ASSESS YOUR TRUE RISK OF BREAST CANCER; by Patricia T. Kelly; Henry Holt & Co.; 253 pages, $15

November 13, 2000|SHARI ROAN

American women fear breast cancer. But surveys show they don't always do everything they can to minimize their risk of dying from it. This book by medical geneticist Patricia Kelly is an outstanding attempt to alter these conflicting forces.

Kelly provides one of the most understandable and comprehensive explanations I've seen on why most women need not be afraid of the disease. She does this while encouraging prevention strategies such as regular mammograms after age 40 and breast self-exams. As she notes: "Most women are uncertain about what their breast cancer risk actually is, which parts of the constantly changing information they can trust, and what to do about an increased risk."

The bulk of this book explains why most women will never have breast cancer and should go a long way toward alleviating unfounded fears.

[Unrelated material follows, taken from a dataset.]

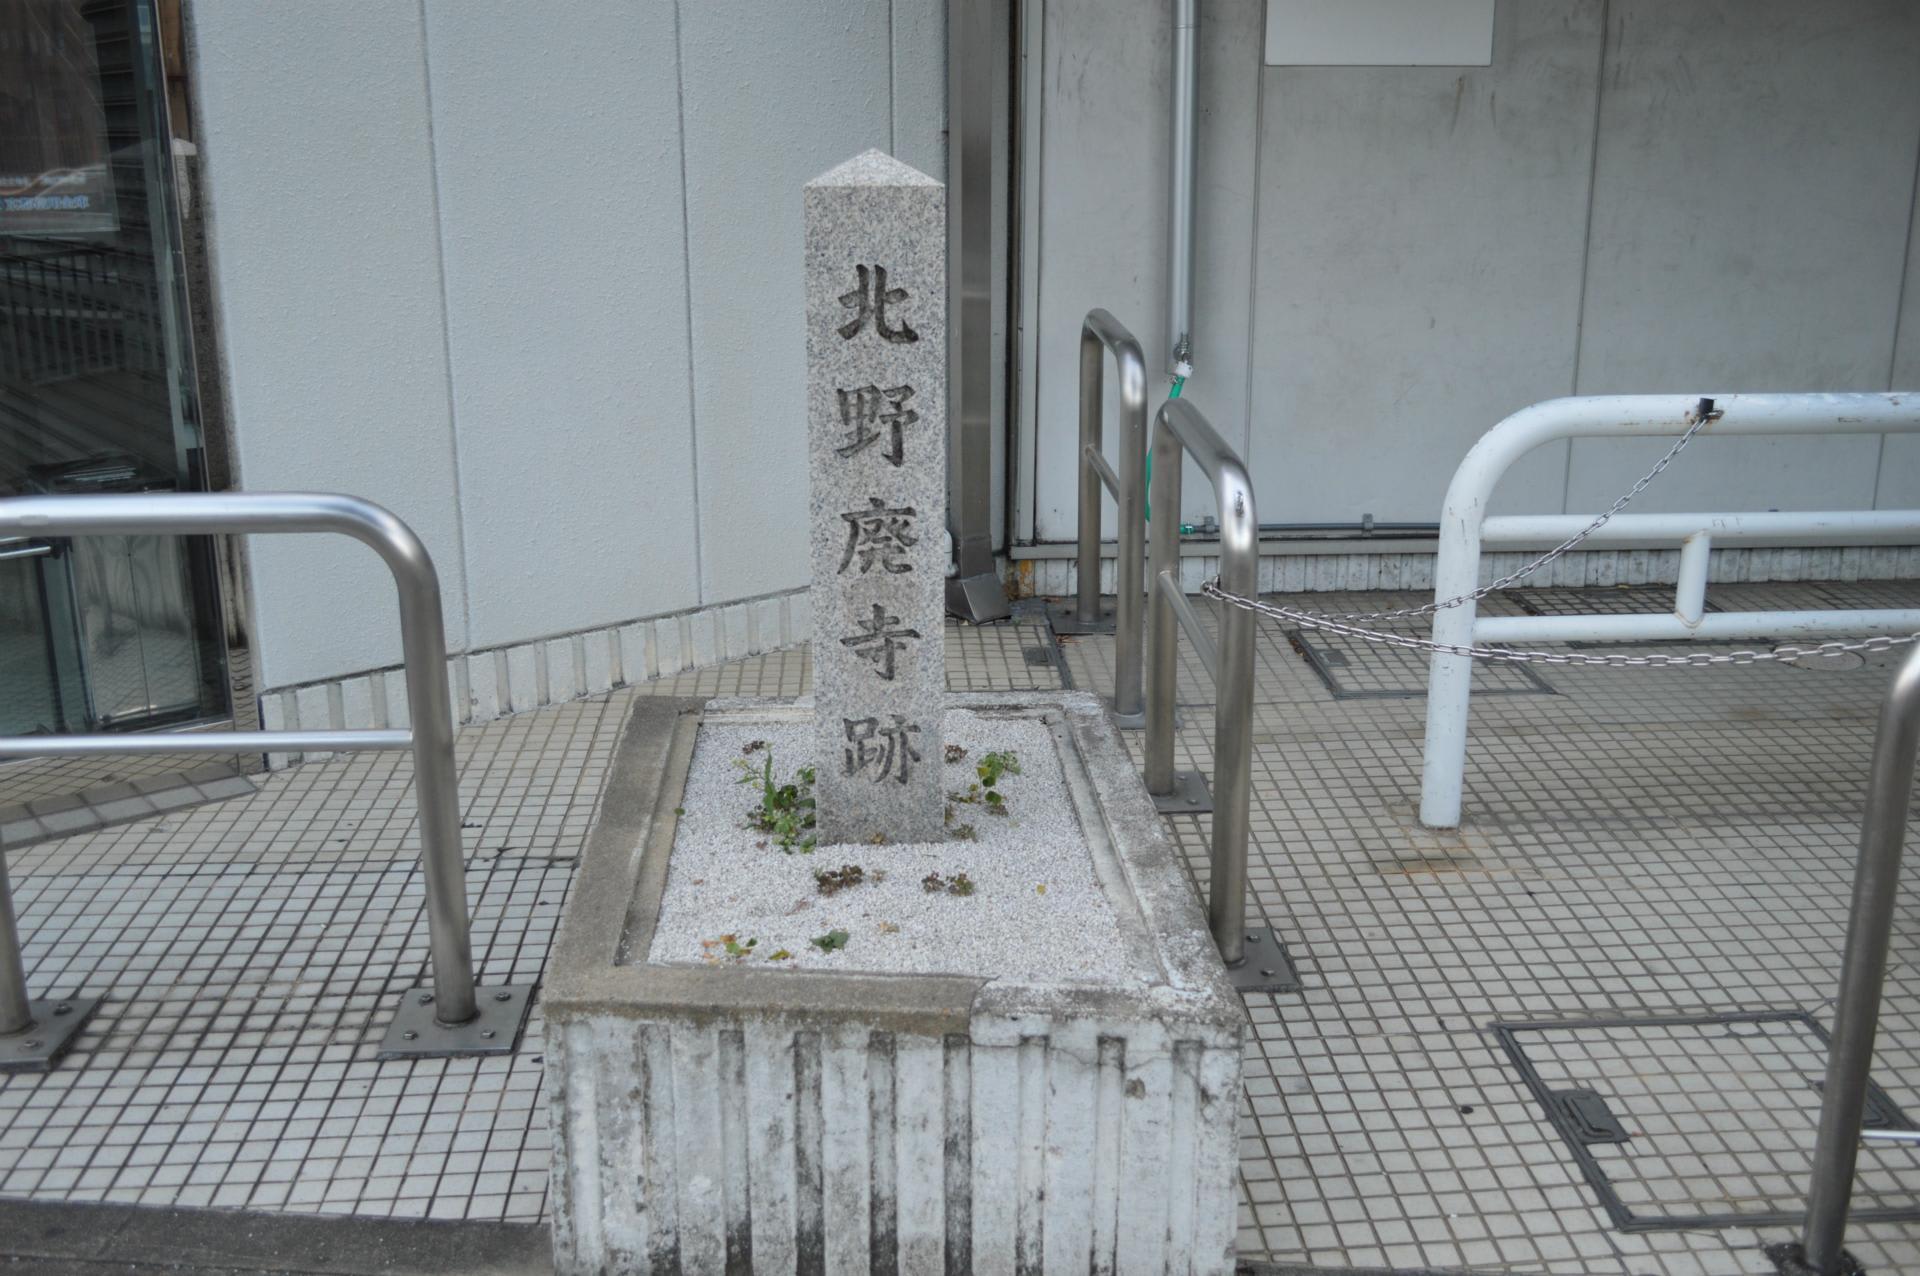 北野廃寺跡 京都市内で唯一の飛鳥時代の遺跡 - アートプラス京めぐり
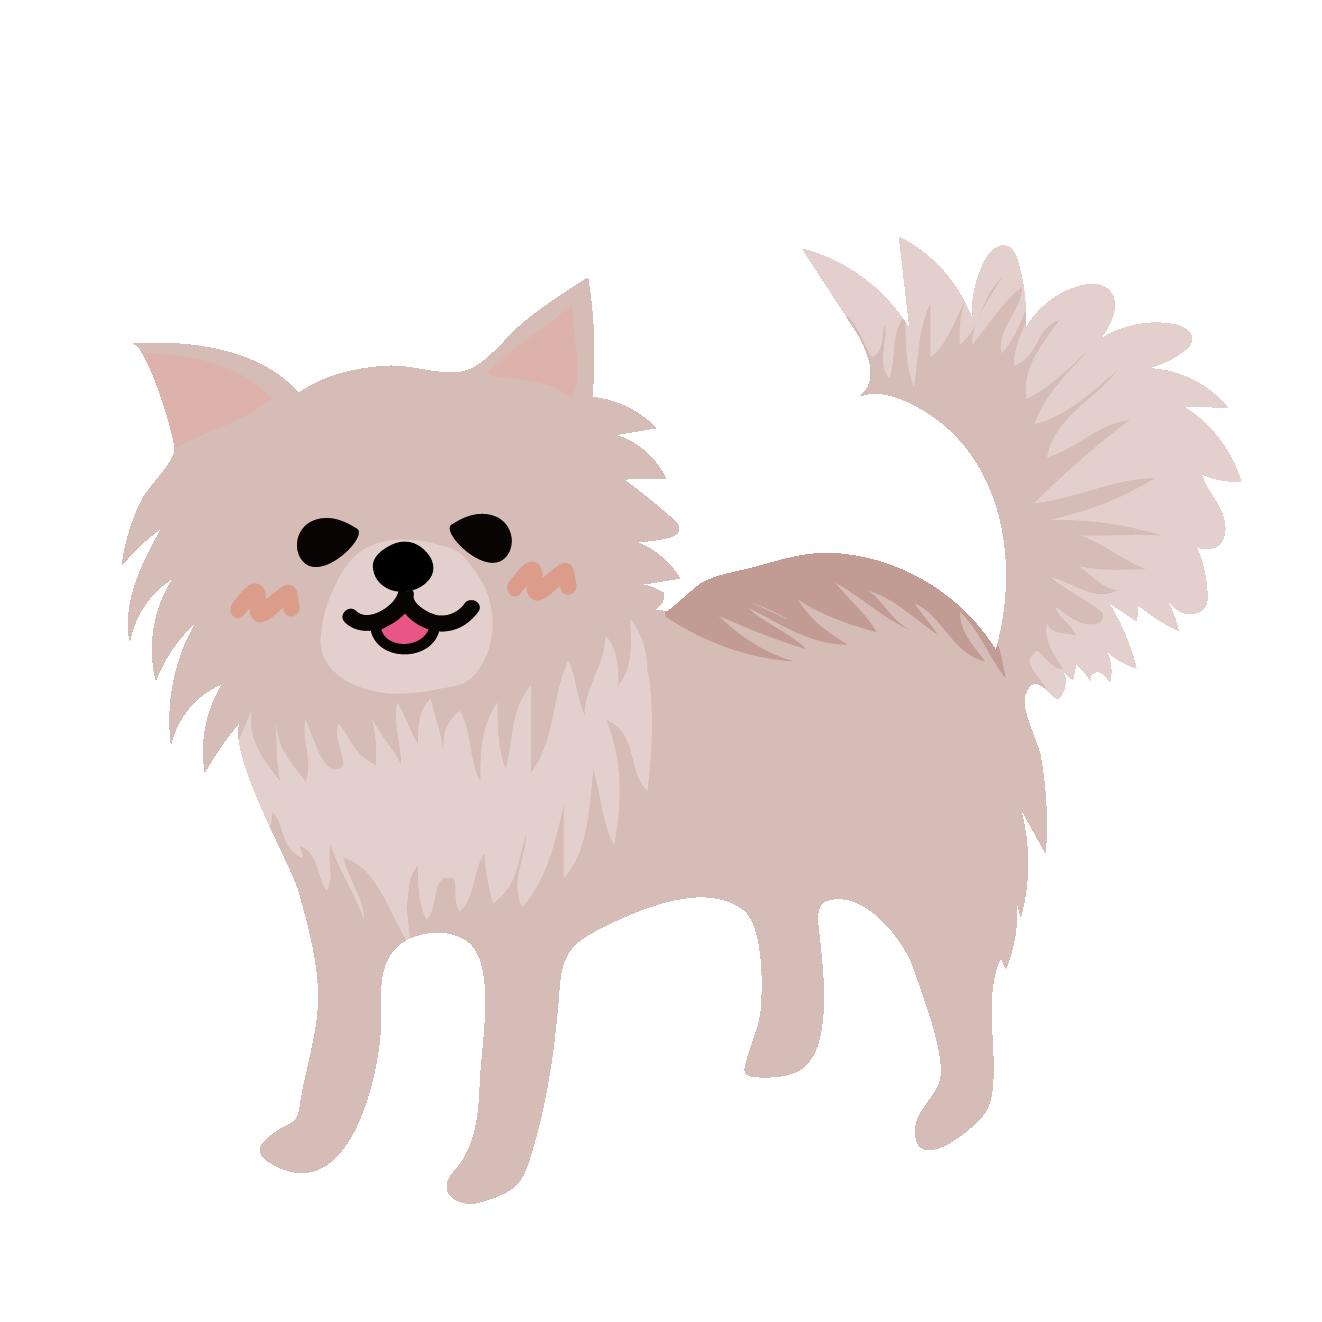 可愛い♪チワワ(犬)のイラスト | 商用フリー(無料)のイラスト素材

In particular, it puts into context the statistics and "facts" on breast cancer that are pervasive in the media and even in some doctors' offices. For example, in reviewing the concept that one in nine women will develop breast cancer, Kelly shows that a woman's risk of the disease is just 2% to age 50, 6% from 50 to 70, and 3% from 70 to 85. She also provides valuable insight on the increased breast cancer risk of women with a mother or sister with breast cancer. As Kelly patiently explains, most of these women will never develop breast cancer, either. Their risk to age 69 is 16%.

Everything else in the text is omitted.